/workflow-ai

C++ Asynchronous Networking and Computing Task Graph for LLMs

Primary LanguageC++Apache License 2.0Apache-2.0

Workflow AI
C++ Task Chain and Graph for LLMs

Workflow AI provides a high-performance C++ library functionally similar to LangChain and LangGraph by interacting with Large Language Models (LLMs) and extends the task serial/parallel orchestration capabilities in C++ Workflow .

Modern LLMs applications increasingly require not just API requests but also complex tool calls and agent orchestration. By abstracting the complexity of mixed I/O and compute workflows, this library makes LLMs integration easy and efficient for all C++ applications.

👉 [ 中文文档看这里! ]

1. Features

  • 💬 Chatbot: Basic demo which can be use directly as a chatbot
  • 🔧 Tool Calls: Native support for LLM function/tool calling
  • 📒 Memory: Simple memory module for multple round sessions
  • ➡️ Task DAG:Build DAG with task based on C++ Workflow
  • 🌊 Streaming Support: Real-time streaming responses with Sync / Async / Task APIs
  • ⚡️ Parallel Execution: Execute multiple tool calls in parallel
  • 🚀 High Performance: Efficient asynchronous non-blocking Network I/O and Computation
  • 📮 Client / Proxy: Use as Client or Proxy. Server is comming soon

2. RoadMap

View Development Roadmap (Click to expand)
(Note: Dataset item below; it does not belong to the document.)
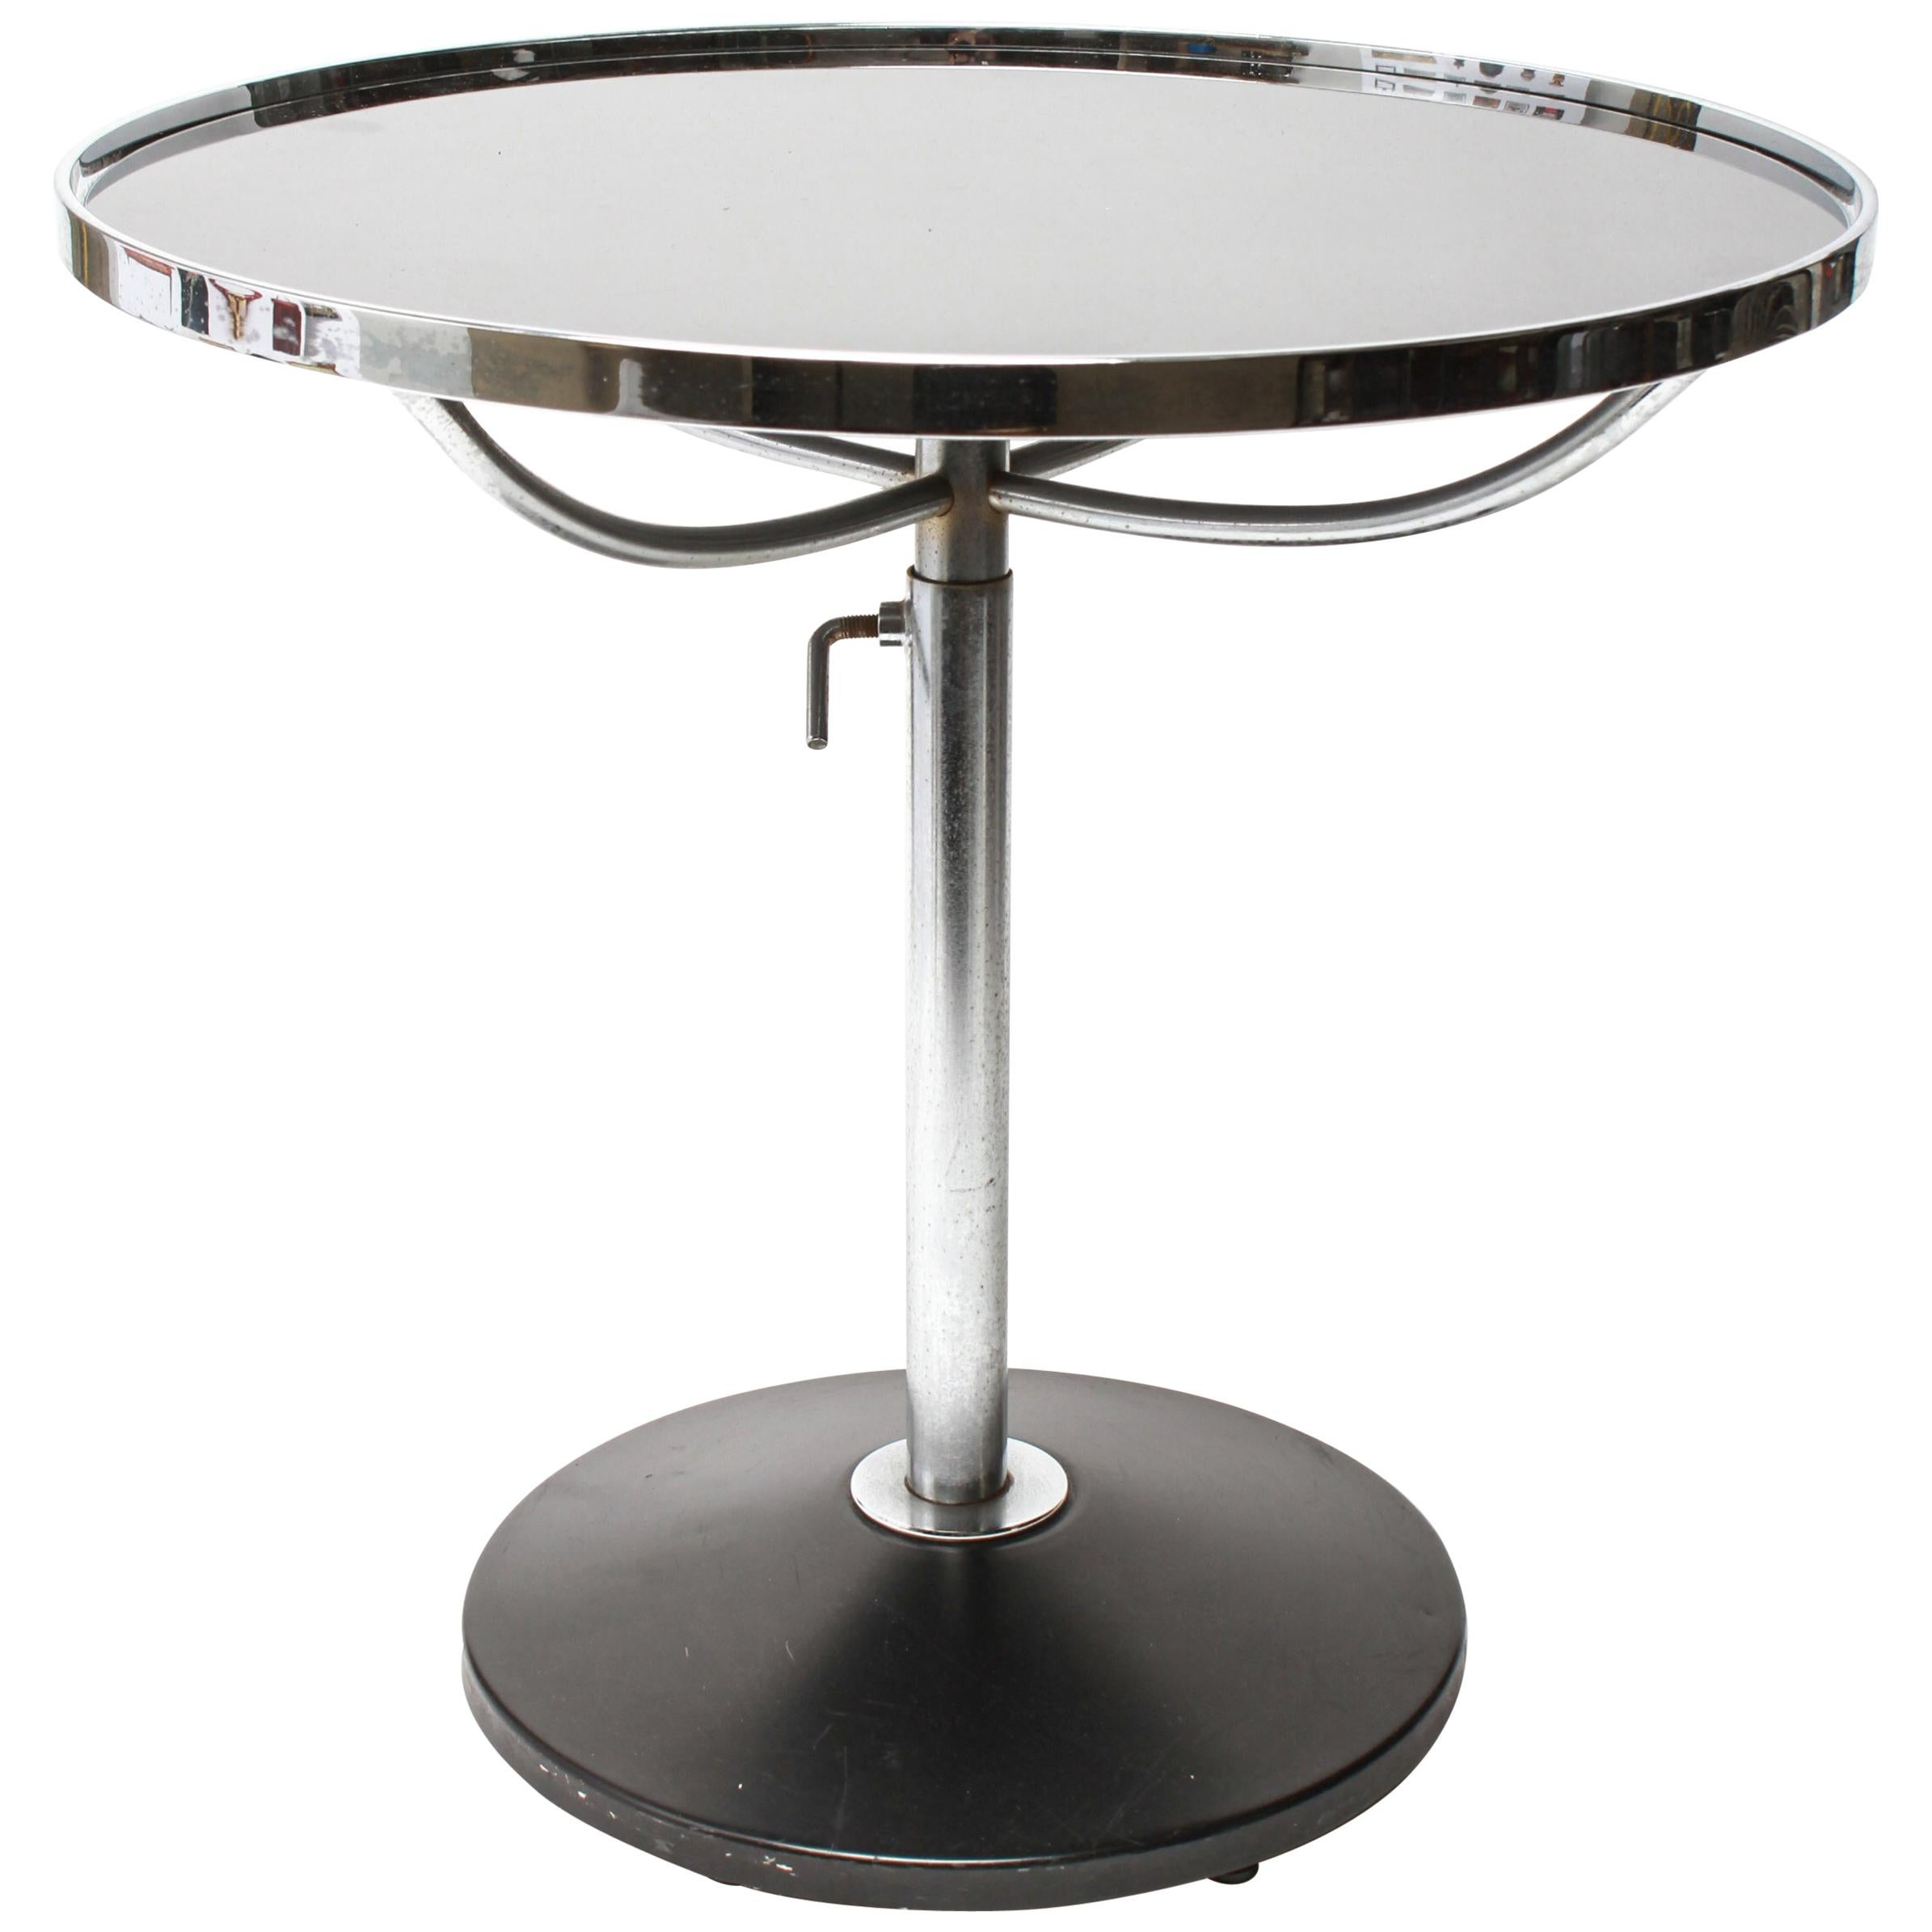 Modern Metal Circular Side Table With Adjustable Height At 1stdibs

This is the very beginning of a multi-layer LLM interaction framework. Here's the implementation status and future plans:

2.1 Core Features

  1. Model Interaction Layer

    • chat : Task → Model → Callback
    • tool : Task → Model → Function → Model → Callback
    • chat : Task + Get Memory → Model → Callback + Save Memory
    • Streaming response by SSE
    • Streamable HTTP protocol
    • Model KVCache loading
    • Prefill/decode optimization
  2. Tool Calling Layer

    • Single tool execution
    • Parallel tool execution
    • Workflow native task example (In progress)
    • MCP Framework (Multi-tool Coordination)
      • Local command execution (e.g., ls, grep)
      • Remote RPC integration
  3. Memory Storage Layer

    • Context in-memory storage
    • Offload local disk storage
    • Offload distributed storage

2.2 API Modes

  • Asynchronous Task API
  • Synchronous API (Done. 2025.August.01)
  • Semi-Sync API (Done. 2025.August.16)

2.3 Multi-modal Support

  • Text-to-text
  • Text-to-image
  • Text-to-speech
  • Embeddings

2.4 Model Providers

  • DeepSeek API
  • OpenAI-compatible APIs
  • Claude API (Planned)
  • Local model integration (Planned)

2.5 Network Modes

  • Client mode
  • Proxy mode (Partial)
  • Server mode (In progress)
    • Session state management

2.6 Task Specialization

  • Preset task templates (translation/summary/code)
  • Prompt engineering
    • Few-shot integration
    • Dynamic prompt building

2.7 Output Structures

  • JSON
  • Protobuf
  • Custom formats

3. Compile

Easy to Compile with Bazel or CMake (Click to expand)

3.1 Prerequisites

  • Required C++11 or later
git clone https://github.com/holmes1412/workflow-ai.git
cd workflow-ai

3.2 Build with Bazel (Recommended)

# Build all targets
bazel build ...

# Run basic DeepSeek chatbot
bazel run :deepseek_chatbot -- <your_api_key>

3.3 Build with CMake

# Download workflow source code and make for the first time
# git clone https://github.com/sogou/workflow.git /PATH/TO/WORKFLOW
# cd /PATH/TO/WORKFLOW && make

# build
mkdir cmake.build && cd cmake.build
cmake .. -D Workflow_DIR=/PATH/TO/WORKFLOW
make

# run sync_demo
./sync_demo <your_api_key>

4. Quick Start

4.1 Chat Demo

This exmaple shows the basic steps to chat with LLMs.

Here is a one round chat , we can use any of the three kinds of APIs : synchronous, aynchronous and task-based.

🧑‍💻 user request 'hi'
         ↓
    ┌───────────┐
    │ Chat Task │ // asynchronous task API:
    │  to LLMs  │ // send request get response
    └───────────┘
         ↓
  🧑‍💻 extract()    // for streaming get chunk
         ↓
  🧑‍💻 callback()   // callback and task end

🤖 1. Synchronous API

Let's begin with some simple one :chat_completion_sync() .

int main()
{
 	LLMClient client("YOUR_API_KEY"); // build a client by `api_key`. support `base_url` and DeepSeek is default

	ChatCompletionRequest request;
	request.messages.push_back({"user", "hi"});

	ChatCompletionResponse response;
	SyncResult result = client.chat_completion_sync(request, response);

	if (result.success)
		printf("%s\n", response.choices[0].message.content.c_str());
	else
		printf("Request Failed : %s\n", result.error_message.c_str());

	return 0;
}

🤖 2. Asynchronous API

If we use streaming mode to receive every chunk from LLM servers, we can use chat_completion_async() which is similar to the generator in Python.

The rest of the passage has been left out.